And as it turned out the sport of Olympic lifting at this time was geared more towards muscularity and maximum strength due both to the inclusion of the press and a peculiarity of the rules at the time (that I missed in an earlier section and will address tomorrow). It was common as hell for Olympic lifters during the US’s heyday to compete in bodybuilding competitions and the overall jackedness (especially in the arms and delts) of the day’s Ol’ers was certain to pull young wannabes into the sport. As Glenn Pendlay put it to me in email:

So he [Hoffman] had to promote guys who looked like what your average pimple faced teenager wanted to look like. And this was the big pressers.  Many guys have won world or Olympic medals in OL in the last 20 years without a physique that would “wow” the average teenager. On the other hand, if you press 400lbs you’re gonna have big guns.

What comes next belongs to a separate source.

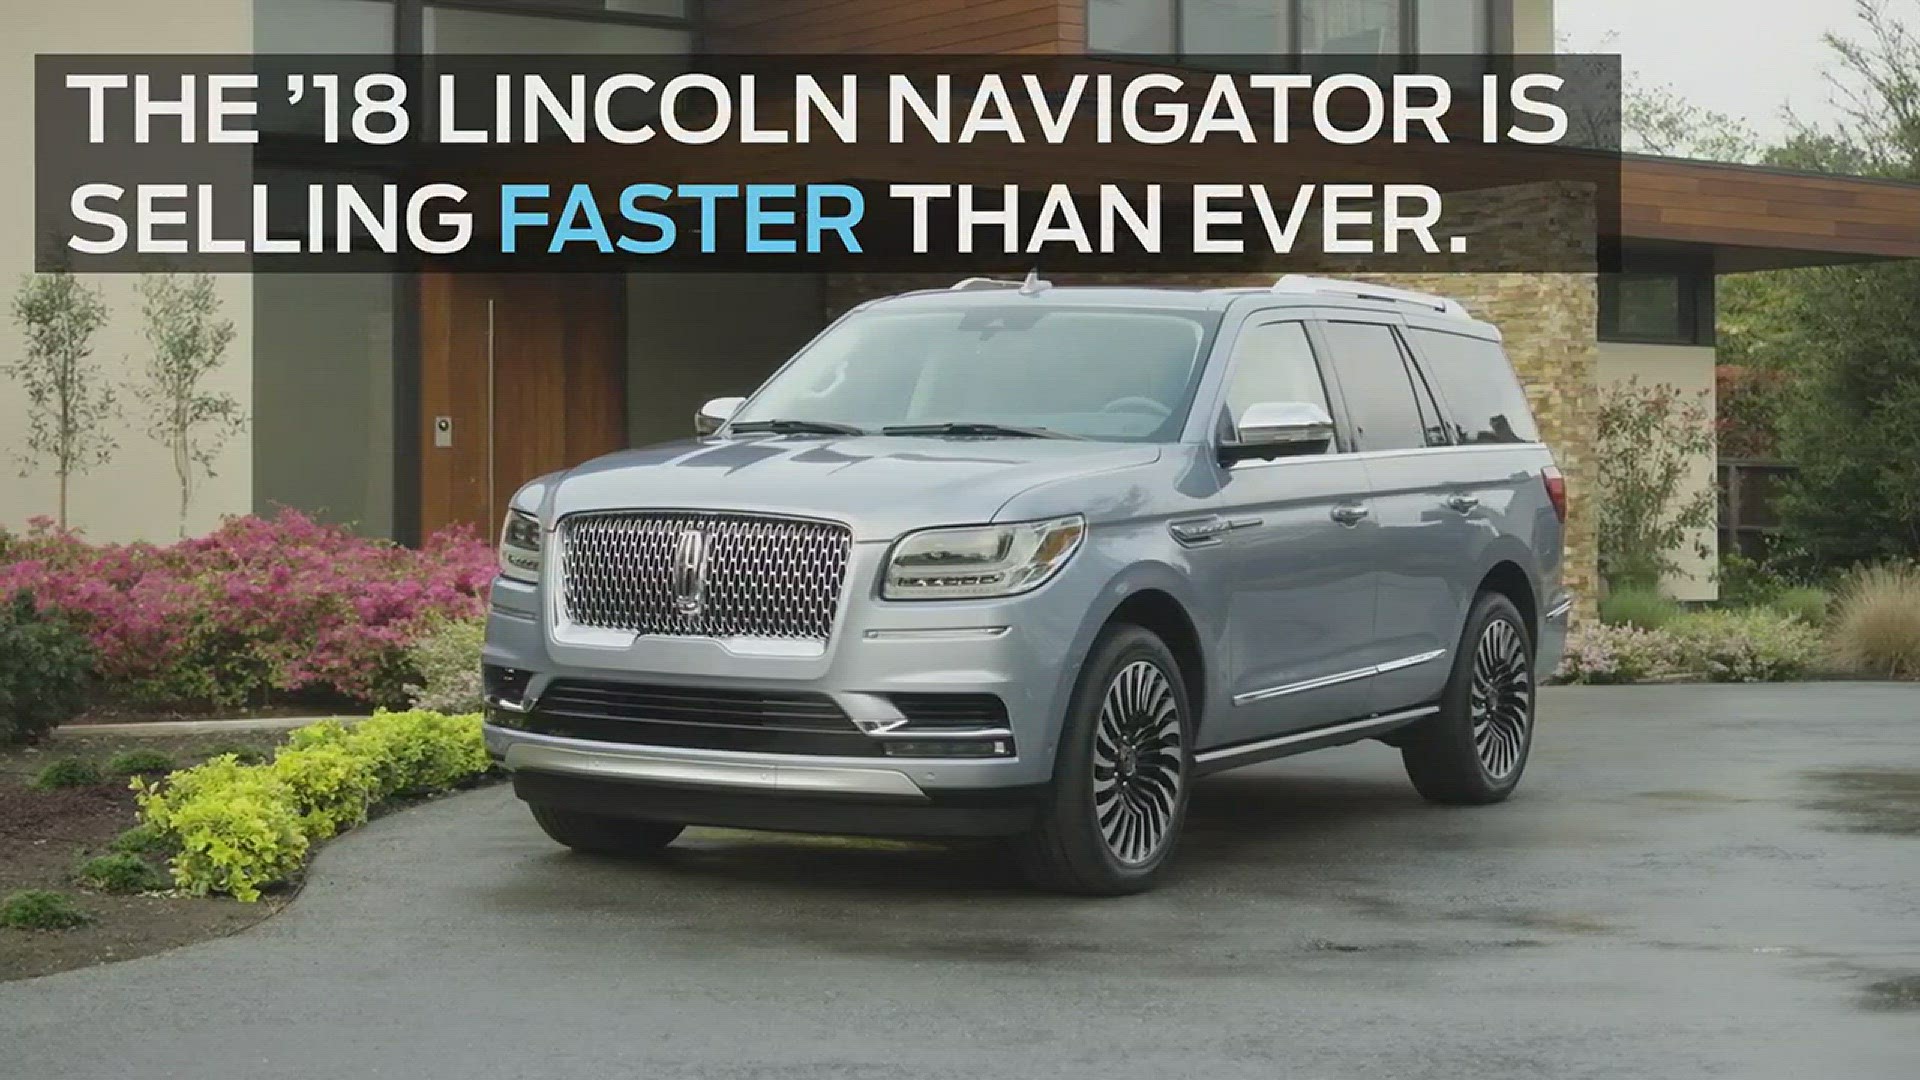 Eighty-five percent of Navigator sales top $81,205.

Strength and Health was also part of the rapidly growing supplement industry and the US, as an industrialized and economically stable environment had pretty good nutrition available to most people.  Of course, interest wasn’t enough, kids still needed a way to actually pursue this activity.

And it’s not as if commercial gyms really existed to the degree that they do this time. When they did, they were typically dungeon like affairs with manly men doing manly things with a barbell. If nothing else this provided small enclaves of support, coaching, etc. where newbies could get instruction on how to do the lifts. Inasmuch as technique was understood at this point (it was still being developed), newbies to the activity could get instruction.

But these were only in small enclaves and hard to find, not everybody would have had access. So how would an up and coming teen have gotten into barbell training?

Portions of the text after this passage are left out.